¿Qué Están Aprendiendo Tus Hijos de Tí?

 

La gente me dice que a heredado comportamientos problemáticos, como la ansiedad de un padre de forma regular. A menudo no consideran que algunos de sus comportamientos realmente son aprendidos. A menudo no pensamos en el impacto que las actitudes y comportamientos de nuestros padres han tenido sobre nosotros o el impacto de nuestras propias actitudes y comportamientos en nuestros propios hijos.
El otro día, aprendí una valiosa lección sobre este tema y el maestro, fue mi hijo.
Fue uno de esos días en los que sentía que todo me estaba saliendo mal. Esto incluía el hecho de que mi sobrino accidentalmente se llevo mis llaves con él, lo que significaba que estaba atrapado en casa en lugar de hacer todas las cosas que tenía que hacer. Mi sobrino no vive cerca tampoco y era hora pico, así que iba a tomar un tiempo para conseguirlos. Recuerdo que miré mi teléfono y me sentí frustrada. Di un gran suspiro. De repente escuché a mi hijo imitarme y dar el mismo suspiro exacto. Sin darme cuenta, mi hijo me estaba observando. El estaba aprendiendo a sentirse abrumado y frustrado de mi. Inmediatamente, pensé, “No quiero esto para mi hijo. Incluso si me siento frustrada, ese no es el ejemplo que quiero darle. Quiero que vea el ejemplo de una madre que puede afrontar lo que sea que se cruce en su camino. En ese momento, decidí practicar la gratitud. Por mi trabajo, sé que es lo mejor que puedes hacer cuando sientes que todo va mal. A veces, solo necesitas concentrarte en las cosas buenas que tienes en tu vida. Me senté con mi hijo, comencé a abrazarlo y besarlo y luego acaricié y besé a nuestro perro también. Pasé de sentirme realmente abrumada a elegir aceptar las cosas por lo que eran. Obviamente no estaba en control de varias situaciónes y el estar enojada no iba a ayudarme de ninguna manera. Lo mejor que podia hacer era recuperar el equilibrio, así que decidí estar agradecido. Elegí estar agradecida por el hecho de que en el gran esquema de las cosas, las cosas negativas que estaba experimentando eran cosas que podían remediarse o los problemas que tenían que ver con otra persona, no conmigo. Mi hijo estaba feliz y juguetón, mi perro meneaba la cola y me daba besos. En ese momento, pude volver a mi centro para poder disfrutar realmente el momento. Es sorprendente lo que un poco de conciencia puede hacer por ti.

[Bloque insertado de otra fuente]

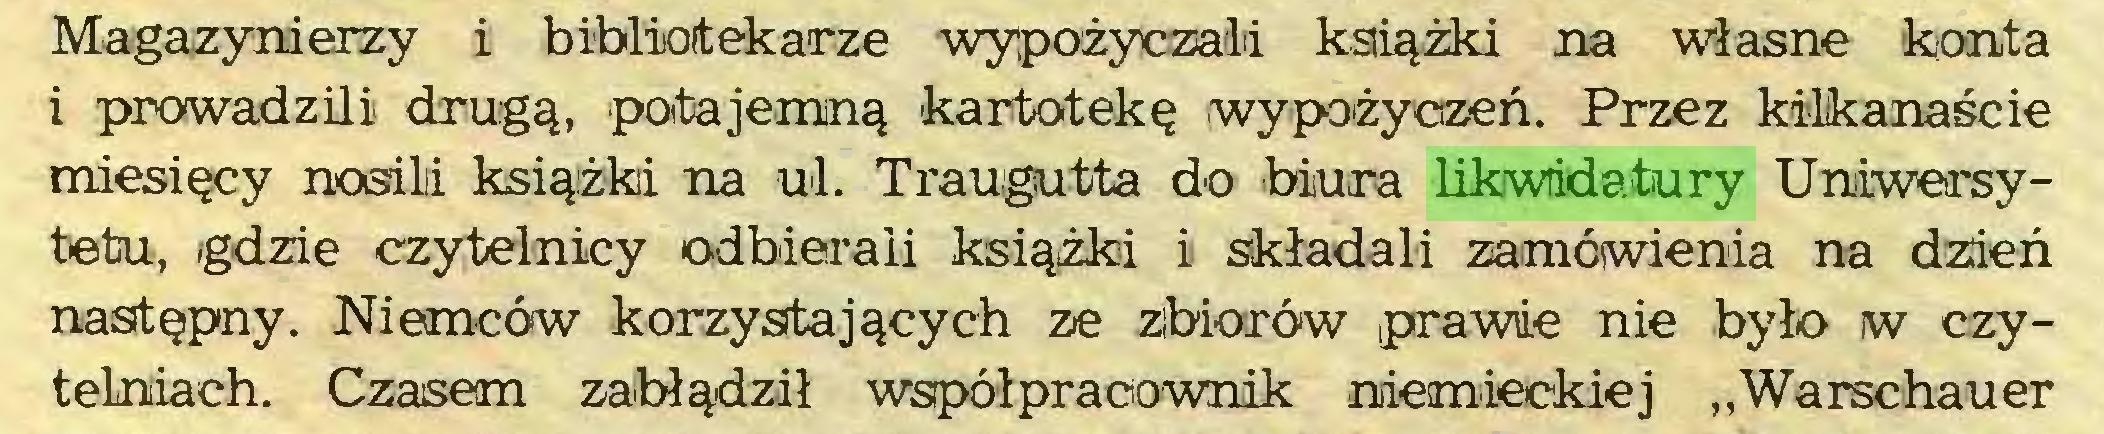 """(...) Magazynierzy i bibliotekarze wypożyczali książki na własne konta i prowadzili drugą, potajemną kartotekę wypożyczeń. Przez kilkanaście miesięcy nosili książki na ul. Traugutta do biura likwidatury Uniwersytetu, gdzie czytelnicy odbierali książki i składali zamówienia na dzień następny. Niemców korzystających ze zbiorów prawie nie było w czytelniach. Czasem zabłądził współpracownik niemieckiej """"Warschauer..."""

La próxima vez que estés cerca de un niño o niños, toma conciencia de lo que podrías estar enseñandoles y si te das cuenta de que es algo que no es bueno, simplemente comienza a hacer ese cambio dentro de ti. De la misma manera que uno puede aprender a ser de cierta forma negativa, uno también puede cambiar de marcha y regresar a lo positivo.